• TASK STATEMENT
Please output the data exactly, minus pictures.

• COLLECTED MATERIAL
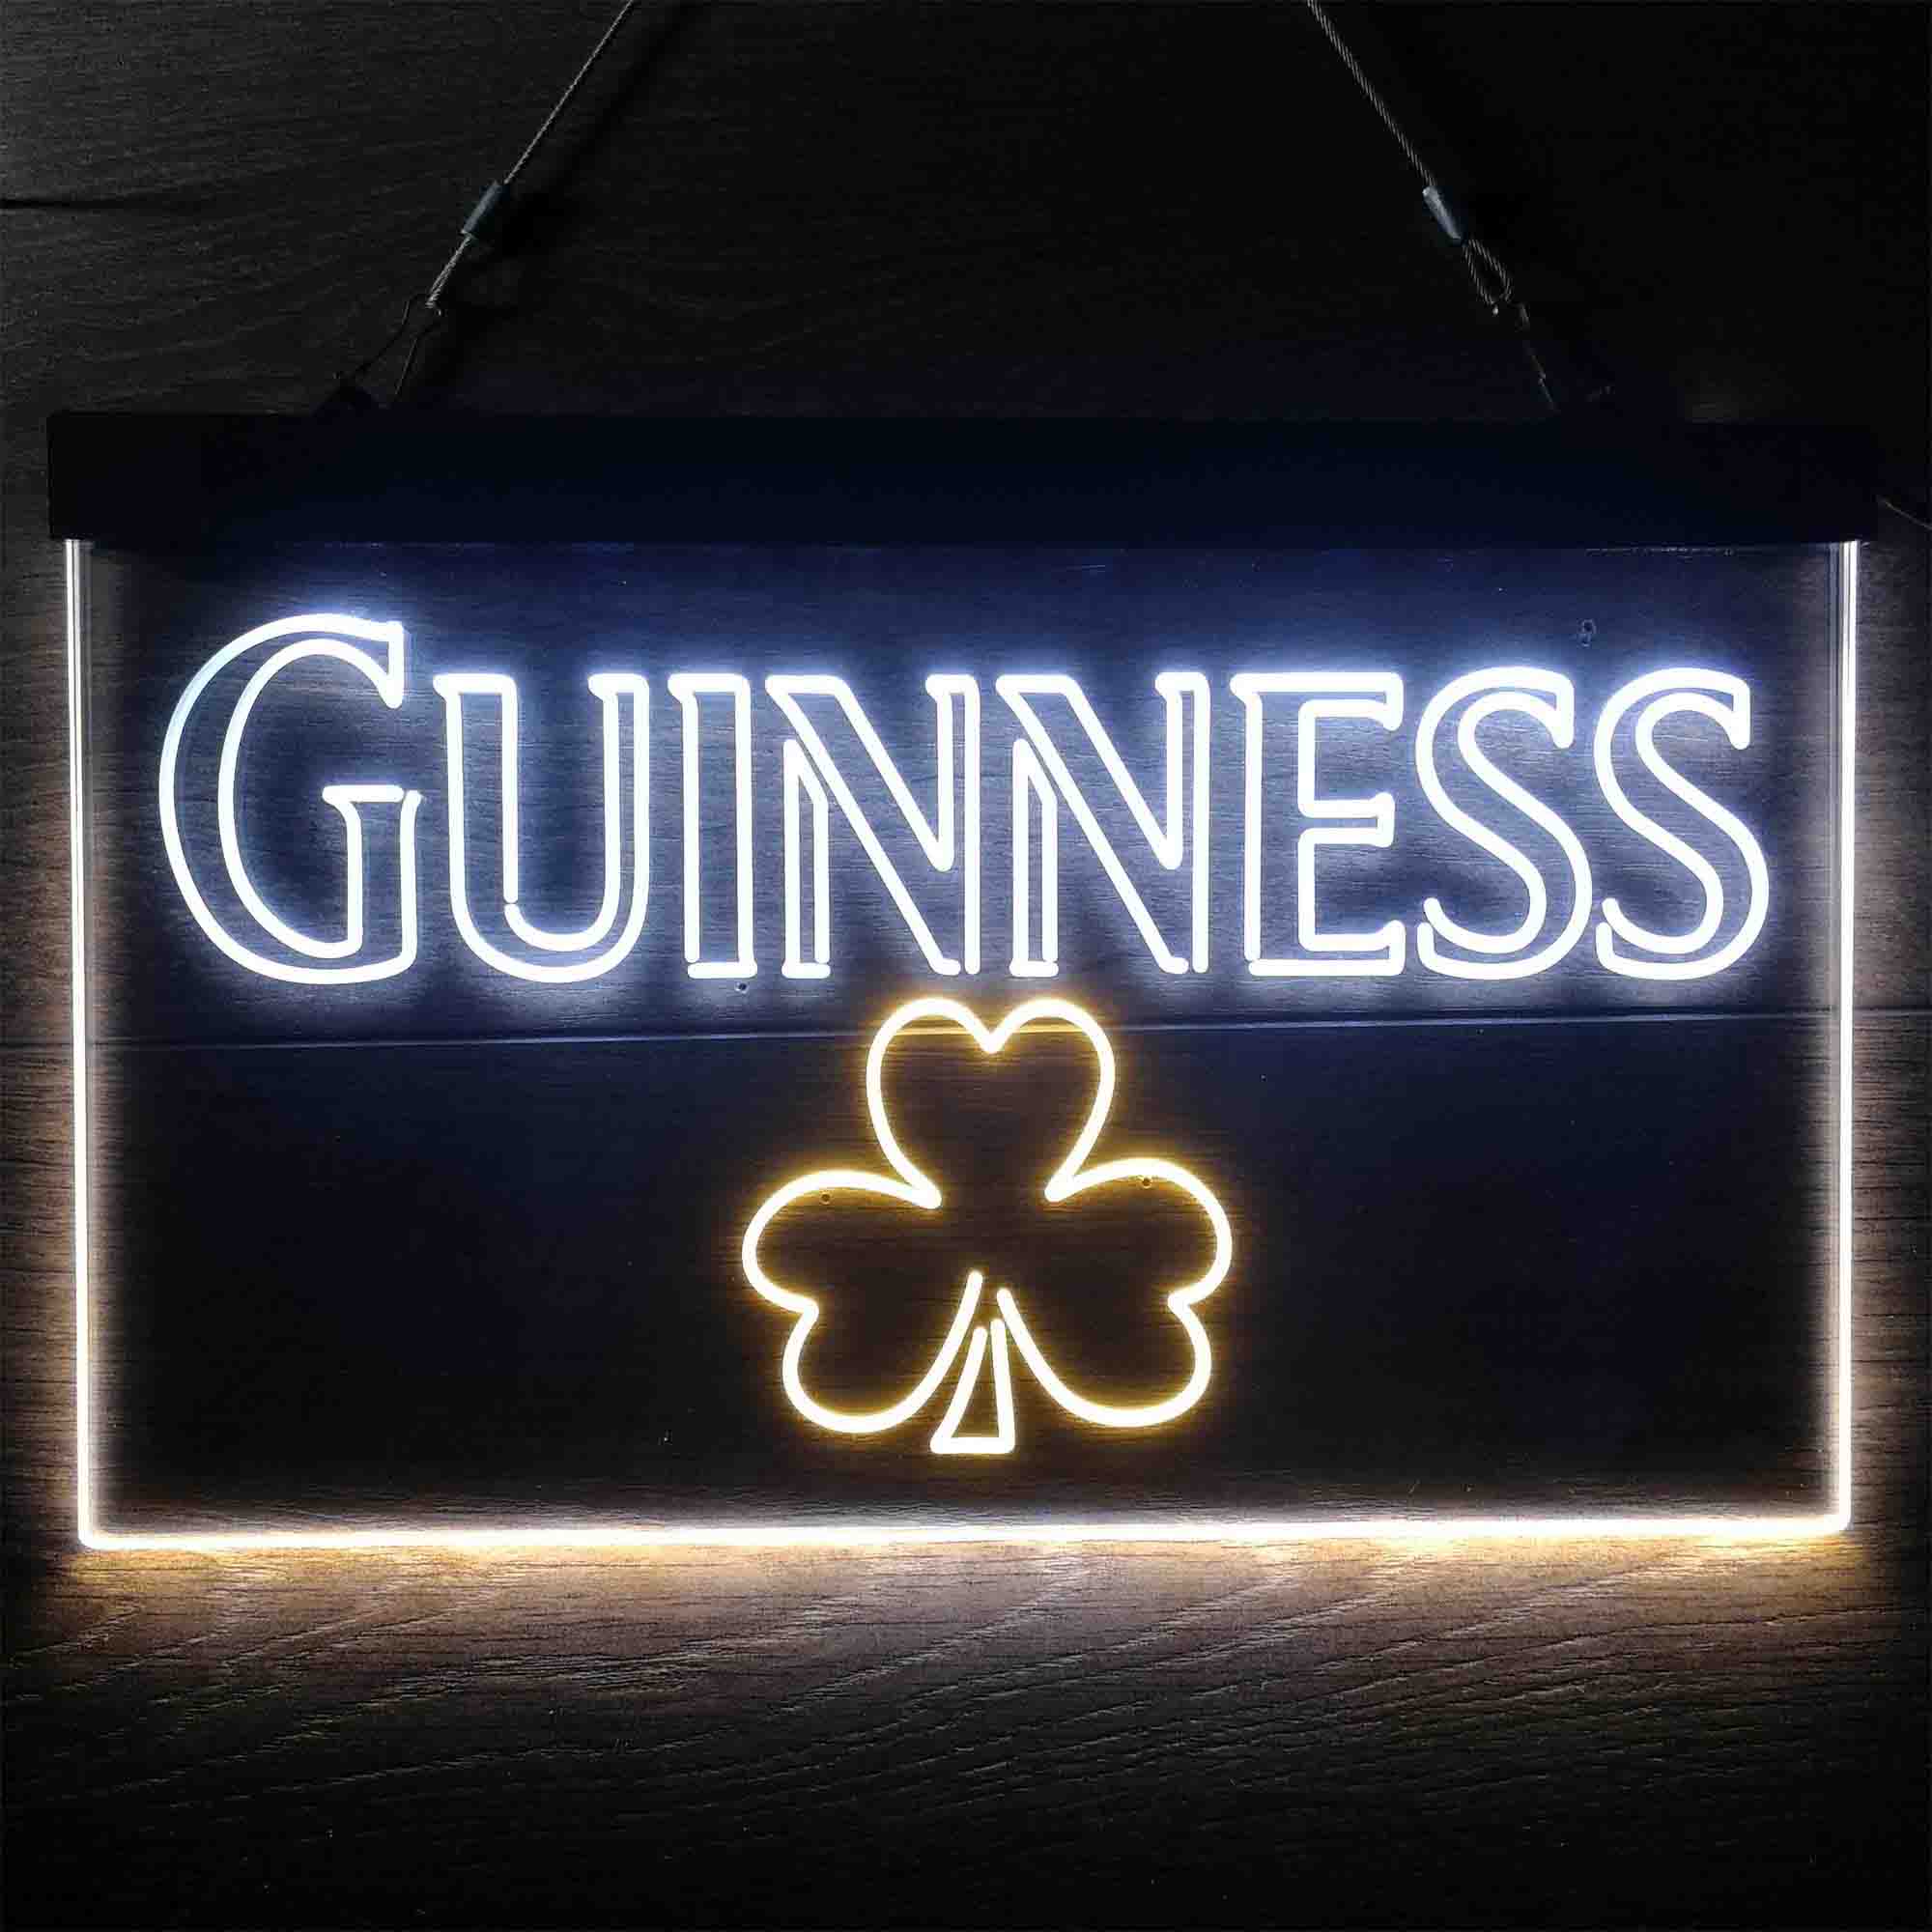 Guinness Guinness Print Beer Neon-Like LED Sign
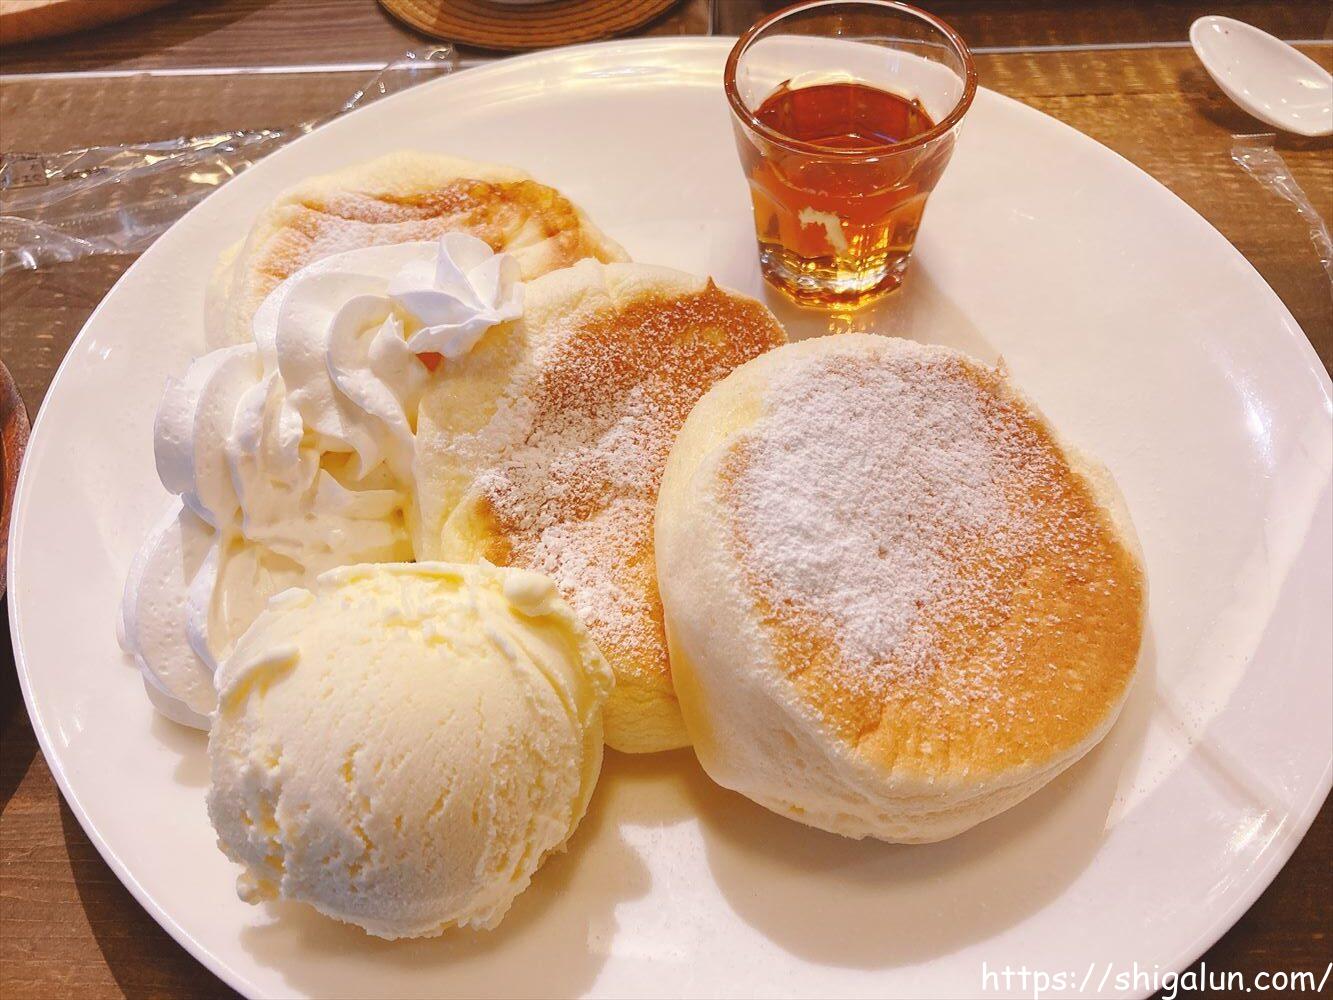 ナルカフェnalu cafeのふわふわパンケーキ食べてみた！
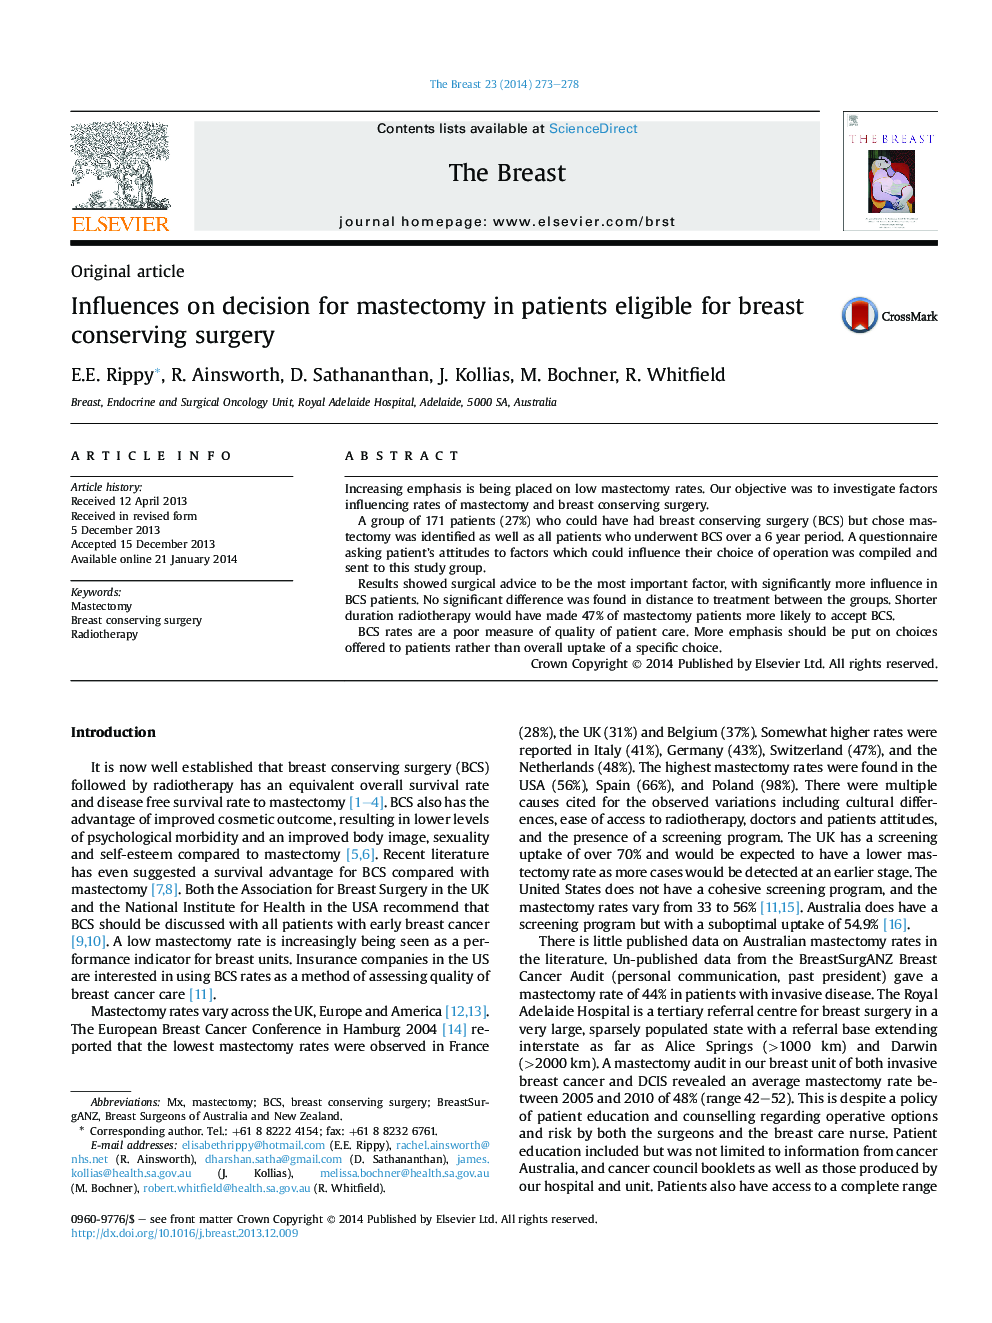 مقاله اصلی در مورد تصمیم گیری برای ماستکتومی در بیماران واجد شرایط برای جراحی سینه محافظت

• ANSWER BOX
 Guinness Guinness Print Beer Neon-Like LED Sign
 ナルカフェnalu cafeのふわふわパンケーキ食べてみた！
 مقاله اصلی در مورد تصمیم گیری برای ماستکتومی در بیماران واجد شرایط برای جراحی سینه محافظت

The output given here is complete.